Inflammatory Myofibroblastic Tumor: greater cellularity, less hyalinization, no calcification, ALK positive (including ALK gene rearrangements).

Reactive Nodular Fibrous Pseudotumor: less cellular than CFT, no inflammatory infiltrate, no calcifications, positive for desmin, actin, & CD117.

Desmoid-type Fibromatosis: poorly circumscribed with infiltrative growth, greater cellularity, fascicular growth, rare calcifications.
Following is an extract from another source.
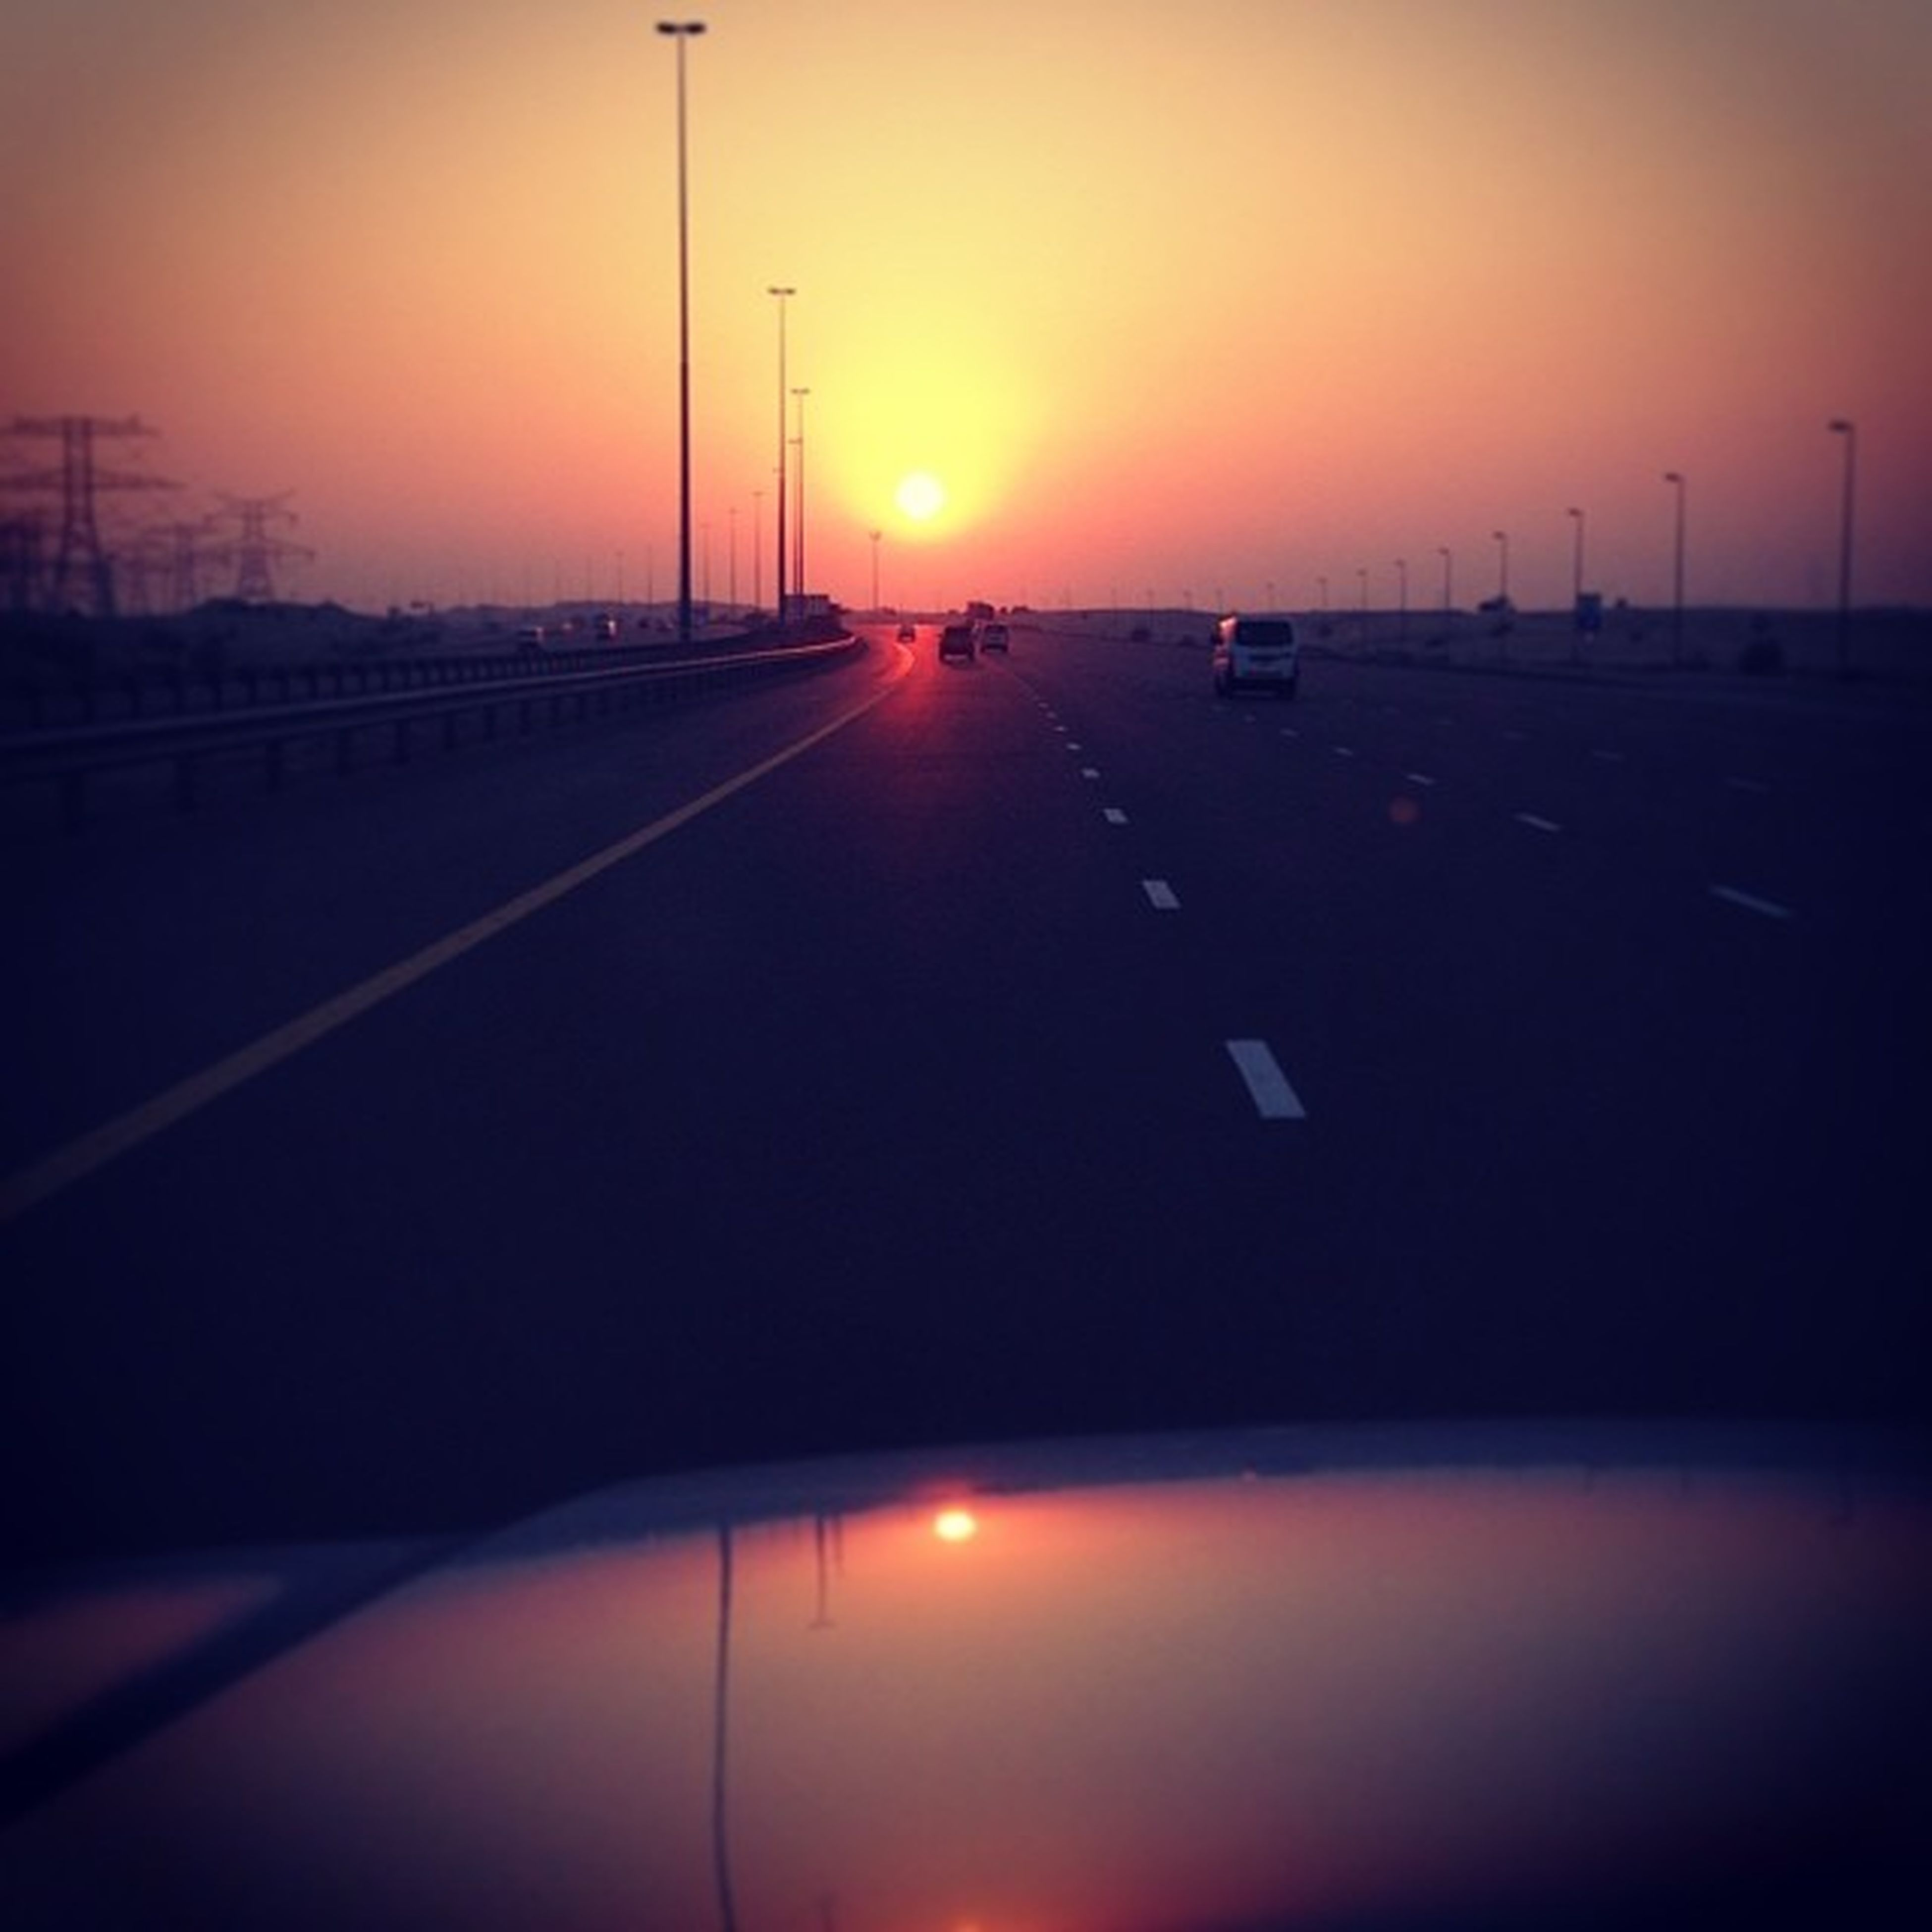 sunset, transportation, sun, orange color, mode of transport, silhouette, car, the way forward, road, sky, street light, diminishing perspective, land vehicle, sunlight, lens flare, travel, sunbeam, vanishing point, road marking, no people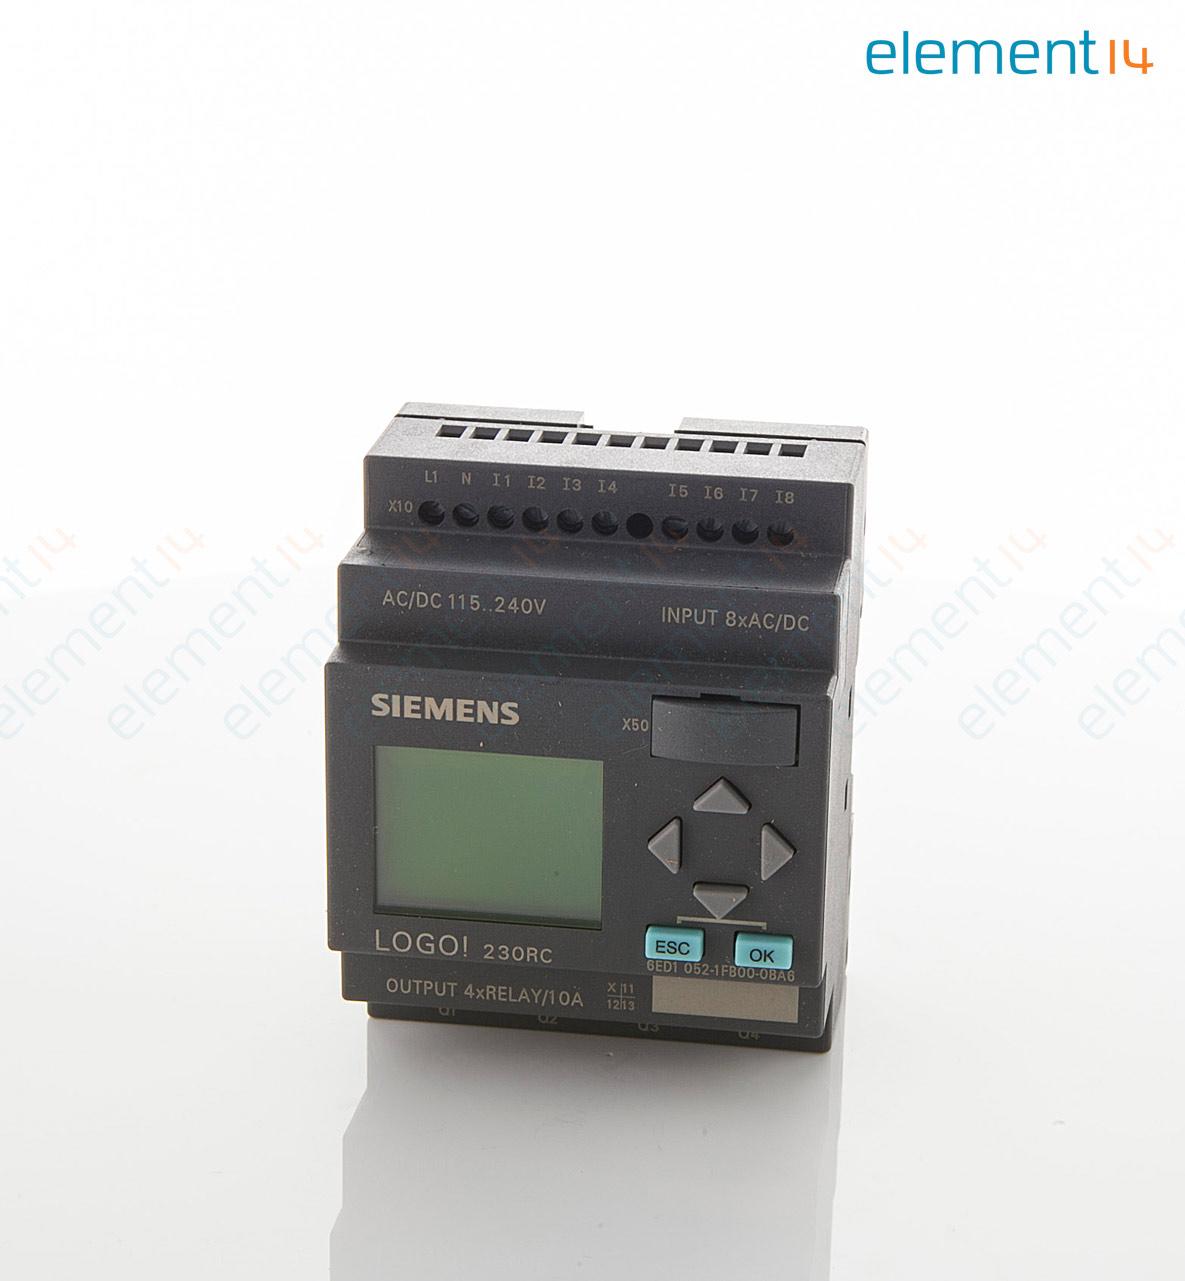 6ed1 052 1fb00 0ba6 siemens plc logo series modular

Desmoplastic Fibroblastoma: more common in adults with a male predilection; fibrous mass in the subcutaneous tissues or skeletal muscles; consists of dense collagenous stroma but lacks calcifications of CFT.

Nodular Fasciitis: tissue culture-like spindle cells, myxoid matrix, rare/no calcifications.

Fibroma of Tendon Sheath: Distal extremity location, dense eosinophilic collagen but with foci of increased cellularity, elongated slit-like spaces, no calcifications.

Calcifying Aponeurotic Fibroma: Location in hands and feet, poorly-circumscribed, calcifications and chondroid metaplasia, multinucleated giant cells.

Amyoidoma: Dense eosinophilic deposits that are Congo-Red positive.